Orhan Bursalı
Hareket ve hareketsizlik: Etkileri büyük
Bugünkü bilim yazısını bedeni dinç ve sağlıklı tutmaya ayırsak ne dersiniz? Bu konuda dünyada tabii özellikle ABD ve Avrupa’da çok ve giderek artan sayıda araştırma yapılıyor. Üstelik daha sistematik, daha derin, daha karşılaştırmalı... Bunu yazarken düşündüm neden ABD’de özellikle?
Nedeni açık tabii ki: Obezlik, hareketsizlik, kötü ve/veya yanlış beslenme... Bu saydıklarımın yol açtığı hastalıklar ve hasarlar saymakla bitmeyebilir. Metabolizma ile ilgili sayısız hastalık... Şeker, yüksek tansiyon... Sayın sayabildiğiniz kadar. Tabii bunun kanser vb. gibi hastalıkları tetikleyici yönleri de var.
Mesele kişisellikten çıkıp kamusal bir hal aldı. Devletlerin sağlık harcamaları altından kalkılamayacak bir durumda.
Her gün izlediğimiz bilim bültenlerinde sağlıkla ilgili araştırma haberleri çok bol. Bunlar Herkese Bilim Teknoloji dergisinde yayımlanıyor. Egzersizin önemi, sürekli oturmanın giderek hastalıklarla, erken ölümlerle ilişkileri... Bu sayıya baktım, özellikle beslenme konusunda çok ciddi uyarılar var.
KOŞMAK VE YÜRÜMEK
Önümde açık olan yazıda, (NYT), kalıcı sağlık için hangisi daha iyi, koşmak mı yürümek mi, diye soruluyor, hepsi de üniversitelerde yapılan bağımsız araştırmalar.
Yürümek yaygın fakat yürüyüşe kişiye göre yavaş ve hızlı, kısa-uzun koşu eklemek, çok daha yararlı sonuçlar üretiyor. Mesele kalbin ve ciğerlerin verimliliğini artırmak. Bu süreç içinde ne hacimde oksijen alıyorsunuz bedeninize? Hafif koşu bunu artırıyor, derin ve bol oksijen alımı sağlık için bir altın standart kabul ediliyor. Daha sağlıklı bir yaşamın ötesinde uzun ömürle de ilişkili bir konu.

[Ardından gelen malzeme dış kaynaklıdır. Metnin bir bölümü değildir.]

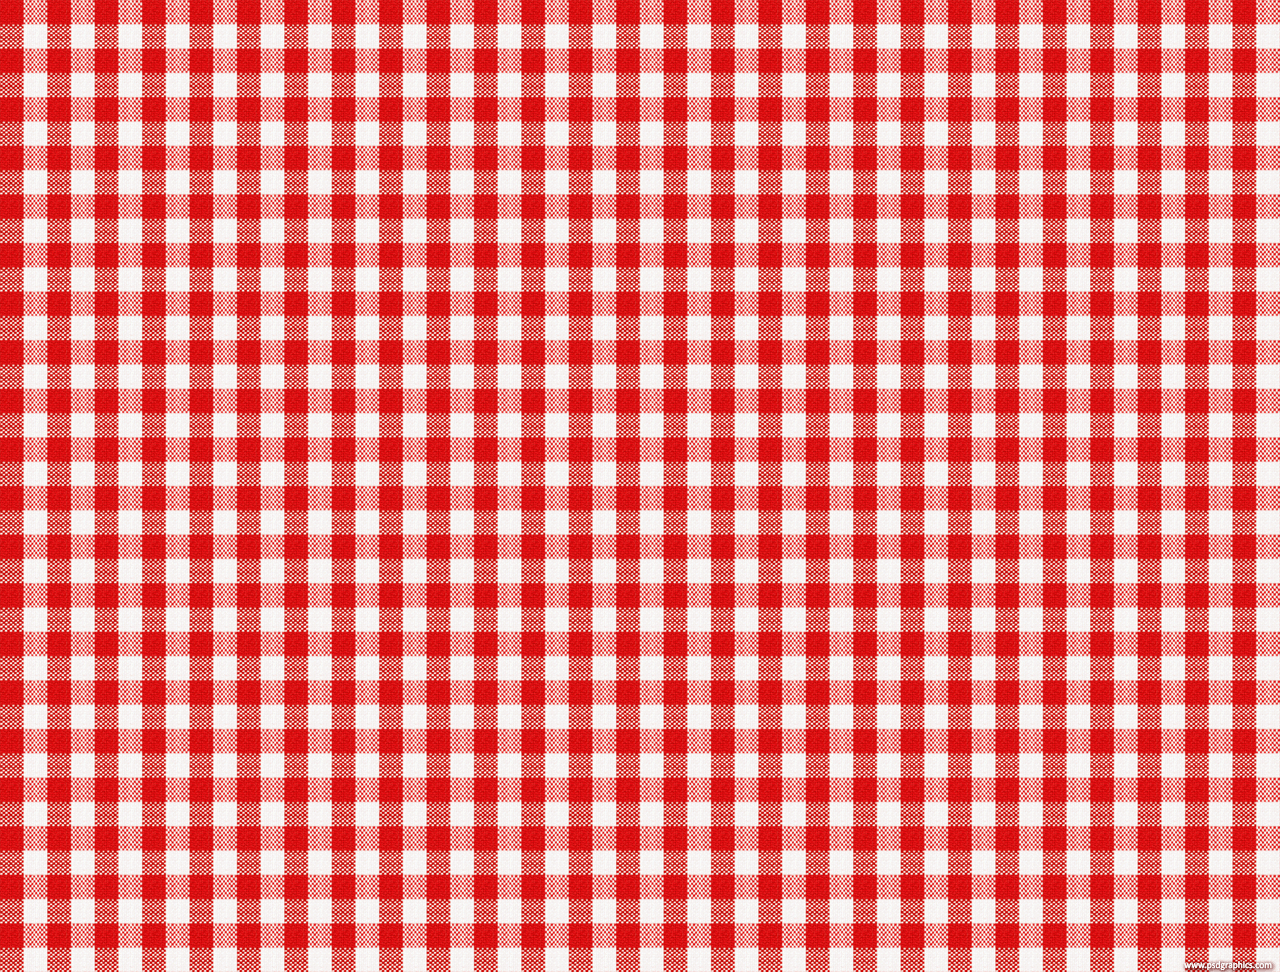 29+] Red and White Checkered Wallpaper - WallpaperSafari

2000 orta yaşlı erkek ve kadının katıldığı araştırmaya göre, gün boyunca yavaş ve küçük miktarda aktivite yapmak bile, tamamen hareketsiz kalmaya kıyasla maksimum oksijen değerini artırıyor, hele biraz hızlanınca... Ilımlı aktiviteler bile kalbi güçlendiriyor ve kaslar için yakıt üretiyor. Yavaş bir koşu bile kalbi ve ciğerleri daha fazla çalıştırıyor.
Tüm araştırmaların ortak hükmü: Yürümek, koşmak, tüm aktivitelerin zihin-beyin üzerindeki etkileri büyük. Bu başlı başına bir konu. HBT gelecek sayısında salt bu konuyu derinlemesine araştırıyor: Yedek beyin deposunu doldurmak... Bekleyin.
BATI MERKEZLİ TARİH YAZIMI
Dr. Oktar Türel, perşembe günkü Batı merkezli tarih ve bilim yazımına ilişkin katkıda bulunuyor: 20. yüzyılın ilk yarısında Arnold Toynbee ve Oswald Spengler’in çalışmalarında dünya siyasal ve toplumsal tarihinin bütüncül bir anlayışla ele alınması düşüncesinin izlerine rastlanmaktaydı. 20. yüzyılın ikinci yarısında özellikle Fernand Braudel, William McNeill ve Marshall Hodgson’ın katkıları bu yaklaşımı daha da güçlendirdi.
Ülkemizin akademik çevrelerinden de bu bağlamda Prof. Dr. Huricihan İslamoğlu’nun Peter Perdue ile birlikte derlediği Shared Histories of Modernity in China, India and the Ottoman Empire (2009) adlı eser, İslamoğlu’nun yakın tarihte yayımlanan Dünya Tarihi ve Siyaset (İletişim, 2022) kitabında derlenen makaleleri örnek olarak anımsanabilir.